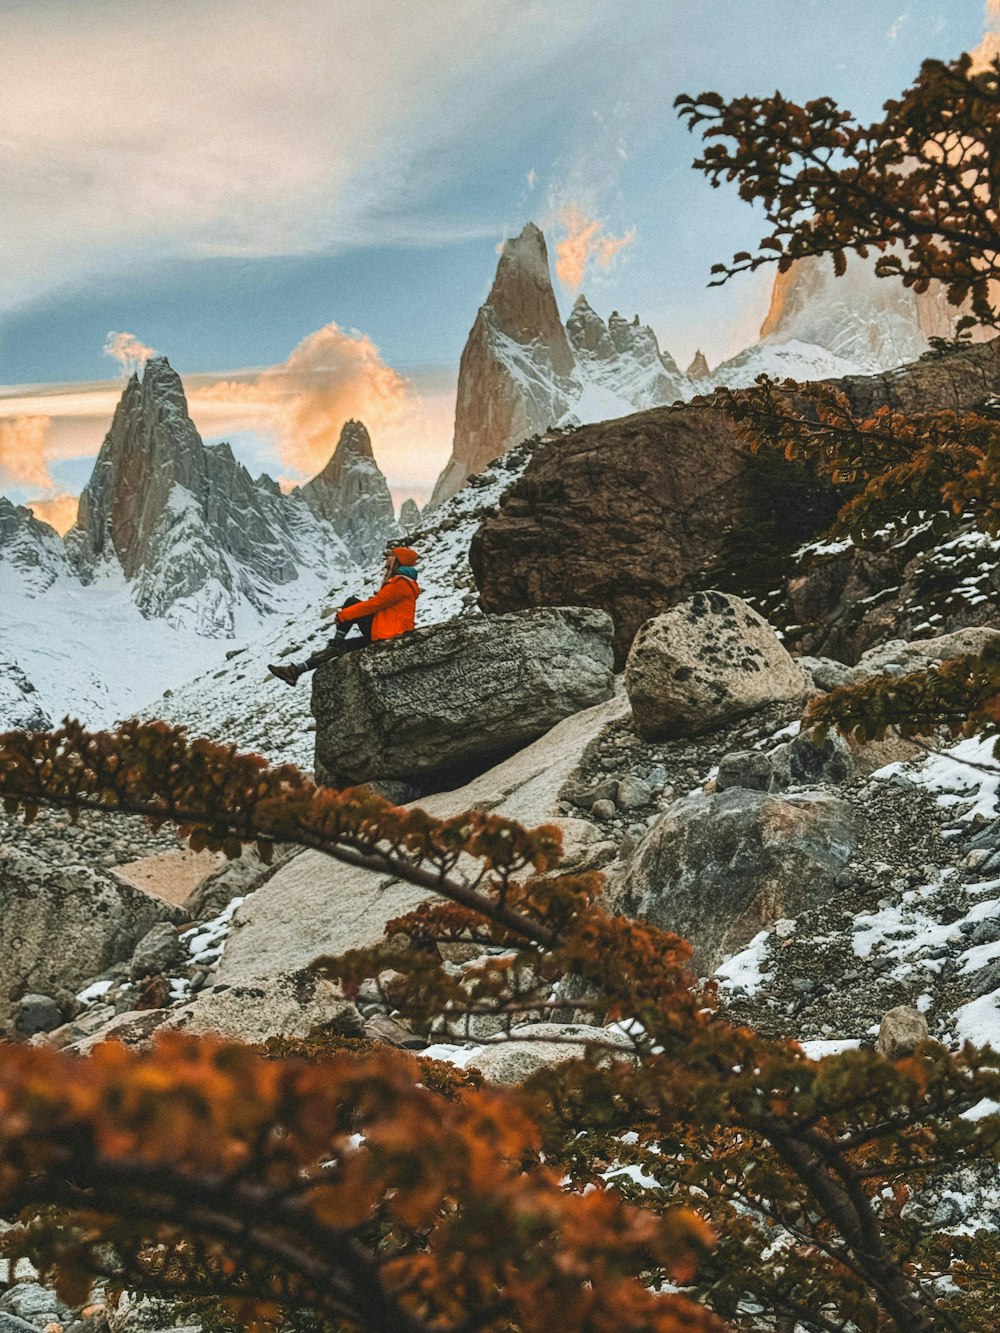 a person sitting on a rock in the mountains
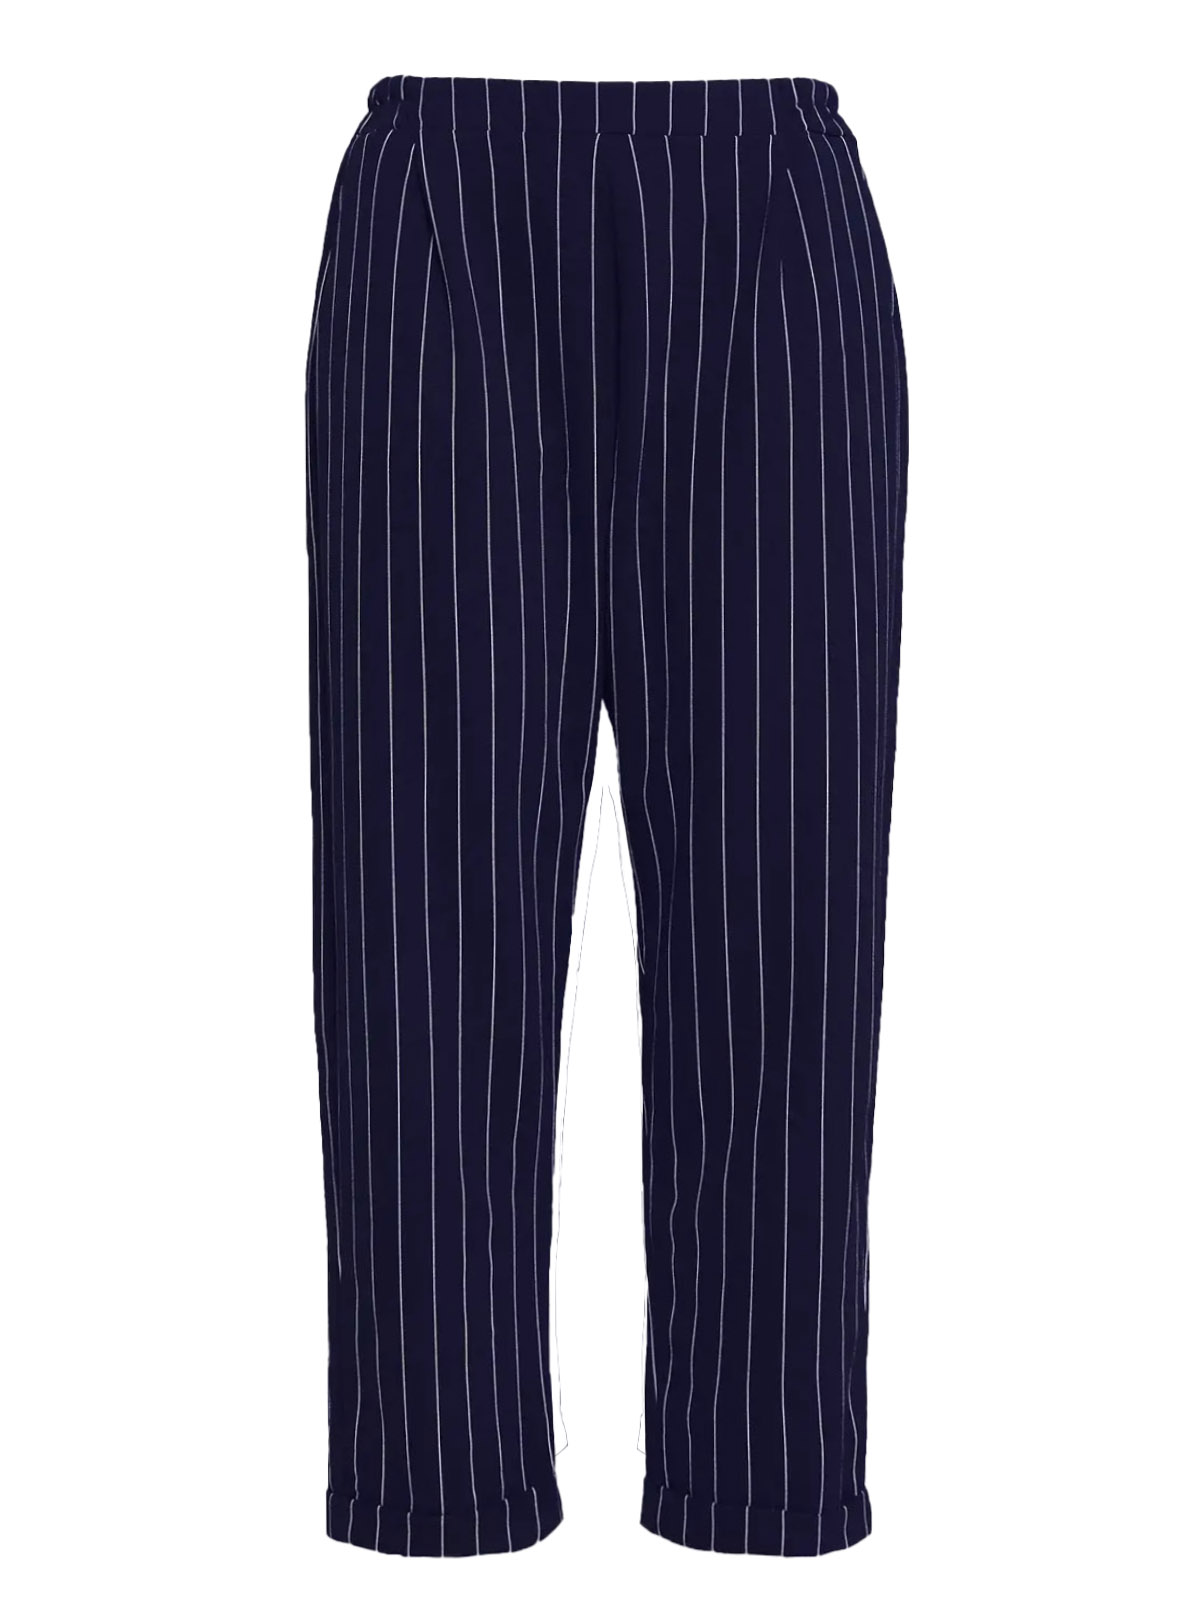 N3W L00K NAVY Pull On Striped Trousers - Plus Size 18 to 30
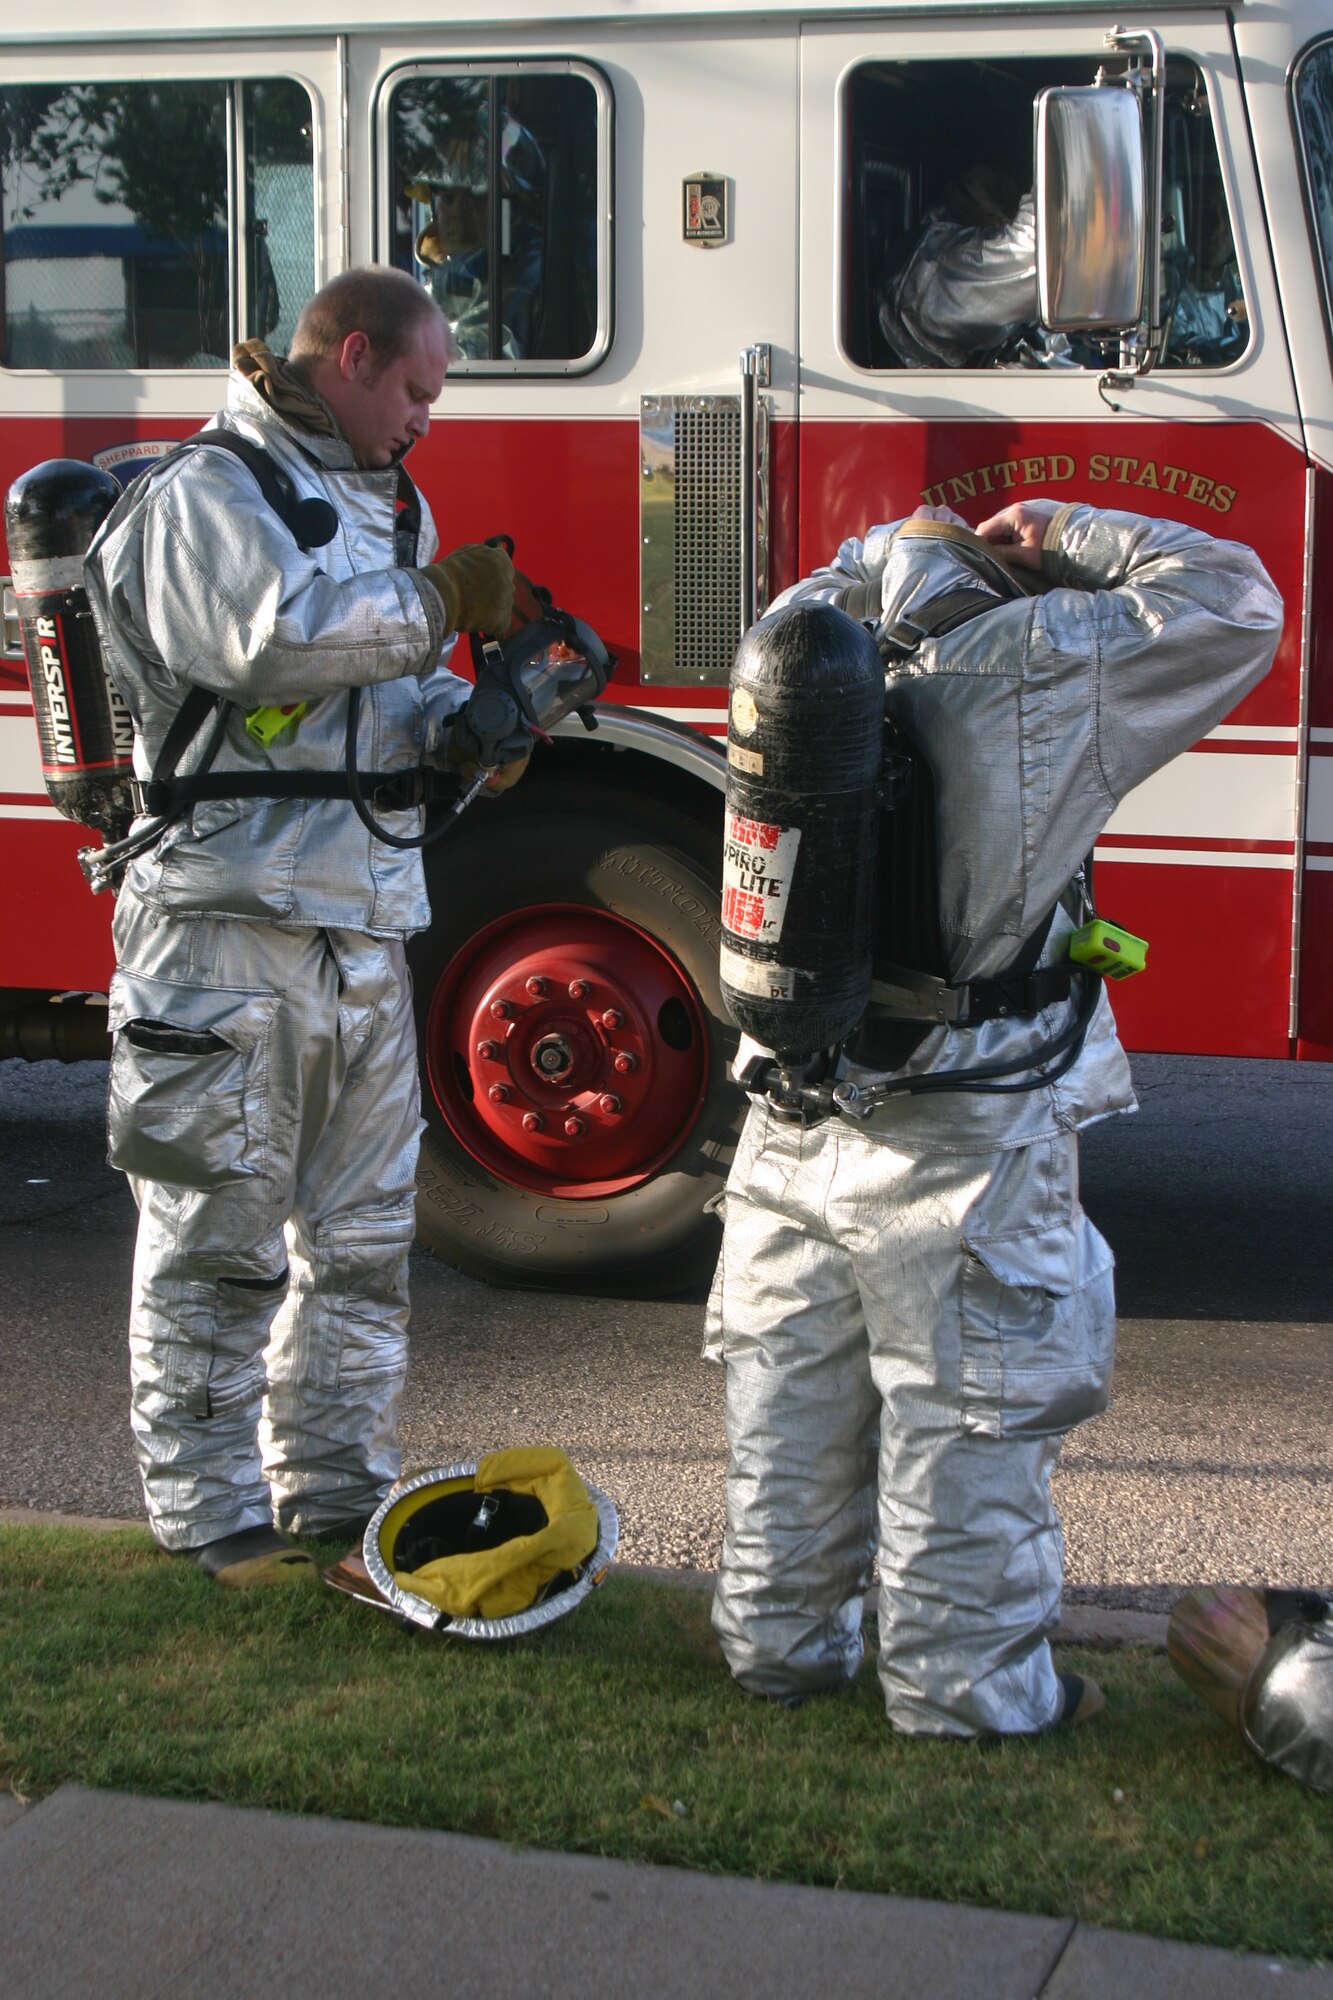 Firefighters prepare to provide assistance during an exercise Wednesday. A possible "terrorist" drove through Sheppard's hospital gate before exploding his car at the southeast corner of the ocmmunity center.  (U.S. Air Force photo/John Ingle)

━━━━━━━━━━━━━━━━

Exercise objective =>
For this task, give the full listing again verbatim and keep out every picture.

Finished task =>
 a person sitting on a rock in the mountains
 N3W L00K NAVY Pull On Striped Trousers - Plus Size 18 to 30
 Firefighters prepare to provide assistance during an exercise Wednesday. A possible "terrorist" drove through Sheppard's hospital gate before exploding his car at the southeast corner of the ocmmunity center.  (U.S. Air Force photo/John Ingle)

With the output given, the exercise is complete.